(Data provided)

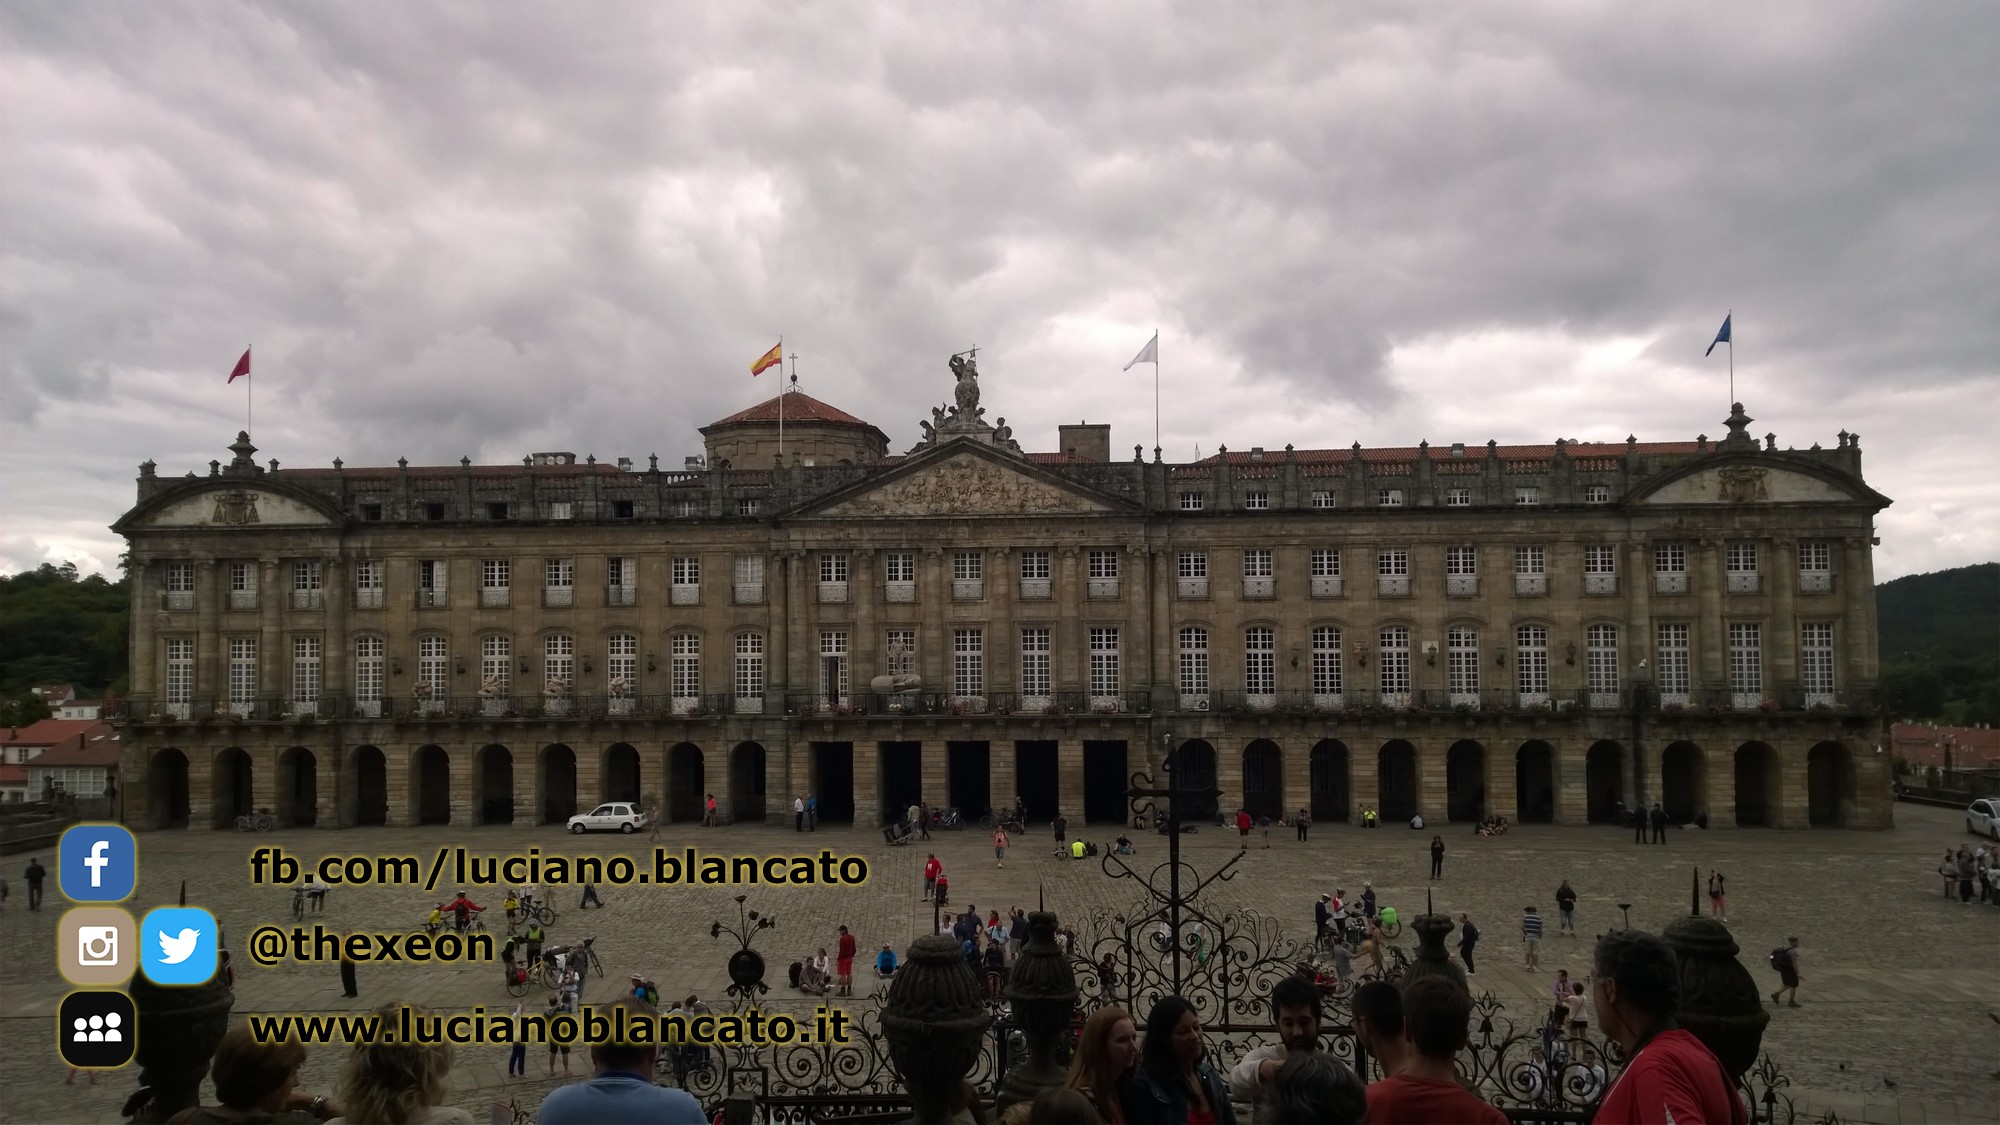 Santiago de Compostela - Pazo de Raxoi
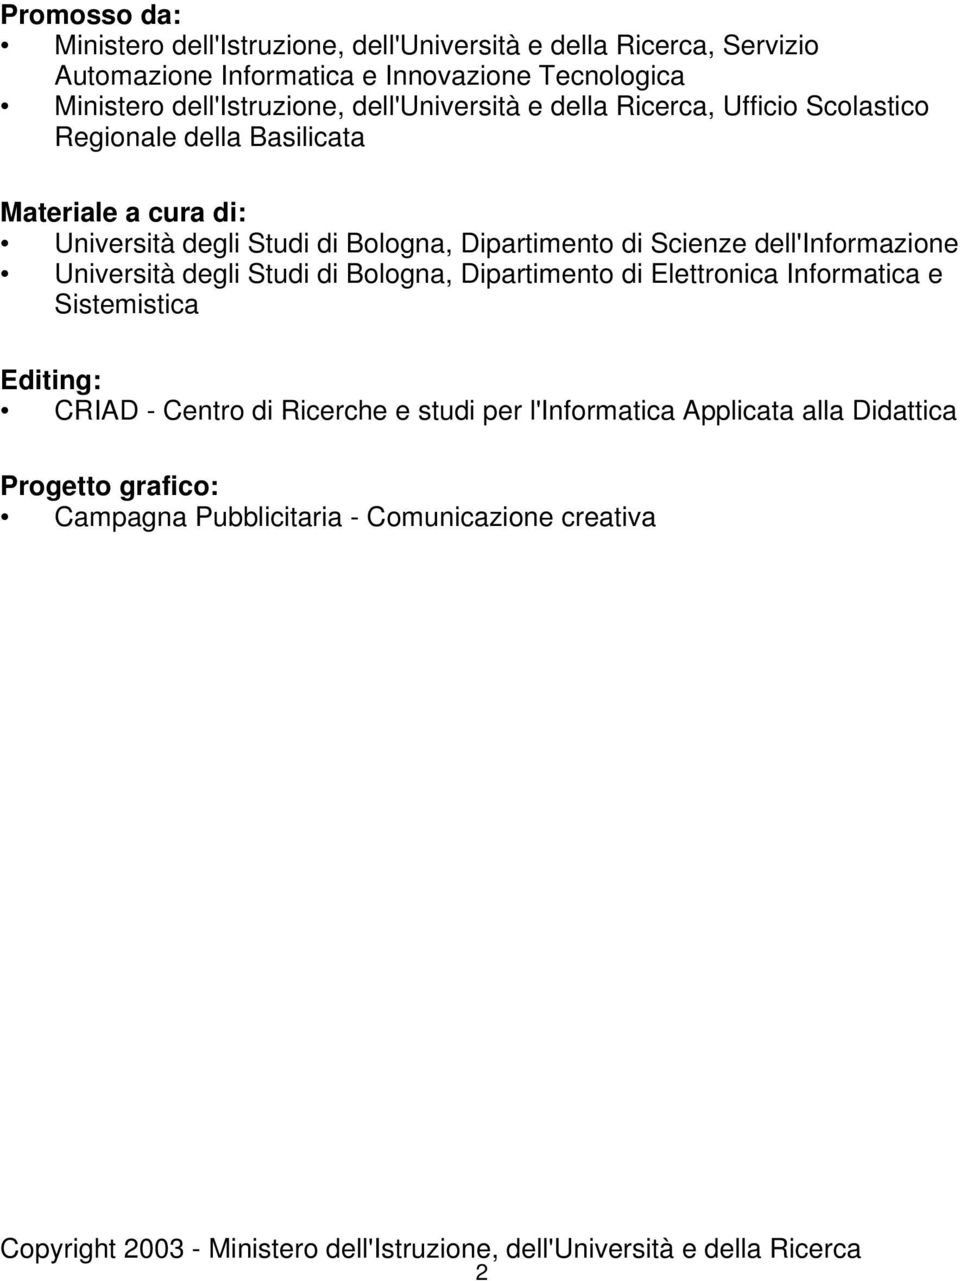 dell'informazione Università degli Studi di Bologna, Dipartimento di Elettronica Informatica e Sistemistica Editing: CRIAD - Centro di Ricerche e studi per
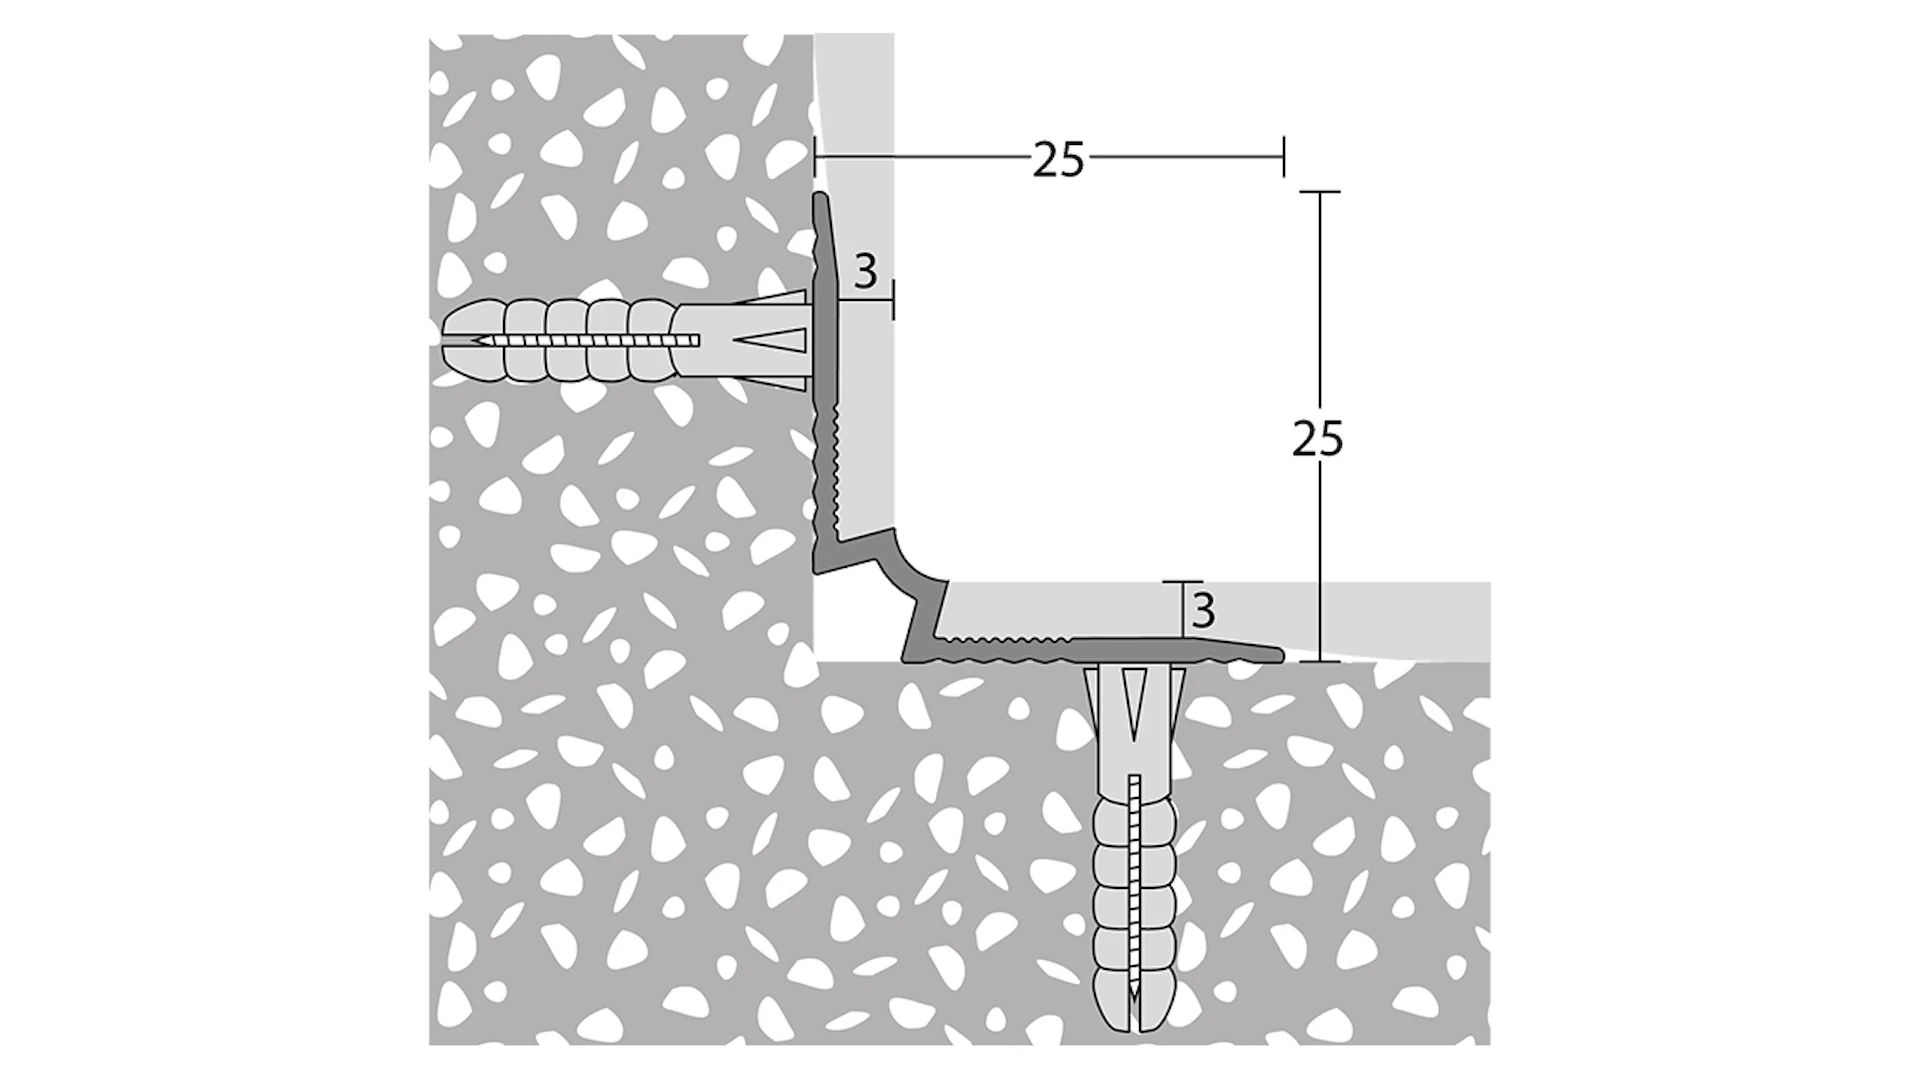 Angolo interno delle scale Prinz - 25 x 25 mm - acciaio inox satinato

(End Data provided)

Work item - Without the pictures, write out the listing exactly as it appears above.

Answer to the exercise -
 Santiago de Compostela - Pazo de Raxoi
 dell'informazione Università degli Studi di Bologna, Dipartimento di Elettronica Informatica e Sistemistica Editing: CRIAD - Centro di Ricerche e studi per
 Angolo interno delle scale Prinz - 25 x 25 mm - acciaio inox satinato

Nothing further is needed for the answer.